The Psalmist looks for God, and expresses a clear anticipation of God’s faithfulness.

For God alone my soul waits in silence;

from him comes my salvation.

He alone is my rock and my salvation,

my fortress; I shall never be shaken.

I don’t know about you, but I am put off by those who talk about the end times, and all that goes with such predictions and etc...

I am struck by Mark Allan Powell’s observation that it can be good for us to have an expectation of Christ’s return. (Chapter 7, Loving Jesus) Dr. Powell is not interested in predictions of the date of Jesus’ return. We are often told to refrain from predicting the end, and I suspect this includes talk of these being the “last days” because of some political event, or this or that natural disaster.

But, Mark Allan Powell suggests, the attitude of expectancy, like the anticipation we have when waiting for a beloved family member to come for a visit, is good for our relationship with God.

I don’t know about you - I CAN wait for the next snowstorm!

Our waiting for God is a faithful expectation that God will be faithful, that God will save, that the Psalmist is right when declaring “steadfast love belongs to you, O Lord.” (Psalm 62:12)

Blessings, Pastor Phil

October 12

Make a joyful noise to the LORD, all the earth.

Worship the LORD with gladness;

come into his presence with singing.

Know that the LORD is God.

Psalm 100:1-3a

The Psalms have been called the prayer book of the Bible. We might also consider the Psalms the hymn book of the Bible. (I believe more hymns have been inspired by the Psalms than any other single book in the Bible.)

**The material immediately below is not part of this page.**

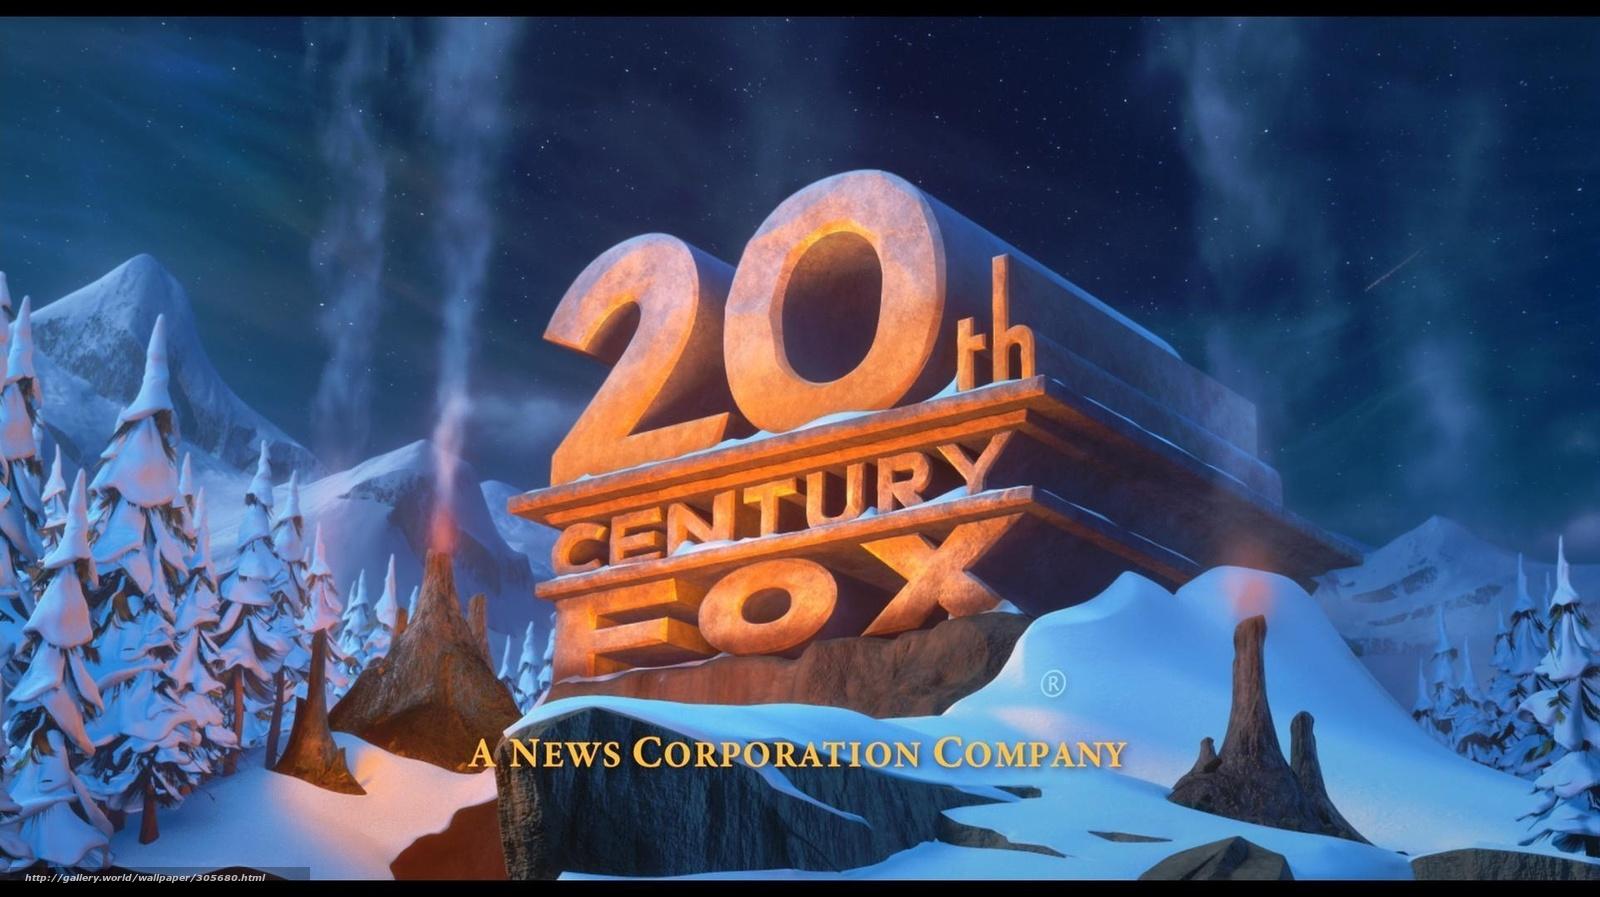 Download wallpapers 20th century fox, Film, logo, snow free desktop

Yesterday I suggested that one might take a single verse and pray it during the day, sort of like a mantra.

Today I want to invite you to consider an entire Psalm, one of my favorites, Psalm 100.

Psalm 100

Make a joyful noise to the LORD, all the earth.

Worship the LORD with gladness;

come into his presence with singing.

Know that the LORD is God.

It is he that made us, and we are his;

we are his people, and the sheep of his pasture.

Enter his gates with thanksgiving,

and his courts with praise.

Give thanks to him, bless his name.

For the LORD is good;

his steadfast love endures forever,

and his faithfulness to all generations.

I love to share this Psalm with new parents. When that new baby arrives, new parents are sure that the entire world should join in the celebration. I suspect, as well, that this is a time like no other, where we are in tune with the Psalmist as he tells us to “Know that the LORD is God. It is he that made us, and we are his…”

I would love to hear from you a favorite Psalm for times of celebration. Send me an email - or give me a call - or stop on by, I’d enjoy hearing your insights.

Blessings to you today. Pastor Phil

October 11

“Let the words of my mouth

and the meditation of my heart

be acceptable to you,

O LORD, my rock and my redeemer.”

Psalm 19:14

I suspect that we would be wise to spend more time praying the Psalms.

One way you might do this is to recall a single line from a Psalm, and reflect on that line as a prayer for a day.

Psalm 19 was read in worship just a few weeks ago. There are two (at least!) great lines in this Psalm that could well shape your day in life giving ways.

Verse 1: “The heavens are telling the glory of God; and the firmament proclaims his handiwork.”

and Verse 14: “Let the words of my mouth and the meditation of my heart be acceptable to you, O LORD, my rock and my redeemer.”

The first might open our eyes to God's creation and help us to see God's presence around us. The second might help shape our words and thoughts in helpful ways.

Peace to you, Pastor Phil

P.S. I would love to hear from you if there is a particular Psalm, or verse or phrase that you like to carry with you. Send me an email - or give me a call - or stop on by, I’d enjoy hearing your insights.

October 10

Twentieth Sunday after Pentecost

Worship at 8:30 and 11:00-

Sunday School between services.

The Prayer of the Day for today:

Almighty and ever-living God,

increase in us your gift of faith,

that, forsaking what lies behind

and reaching out to what lies ahead,

we may follow the way of your commandments

and receive the crown of everlasting joy,

through Jesus Christ, our Savior and Lord.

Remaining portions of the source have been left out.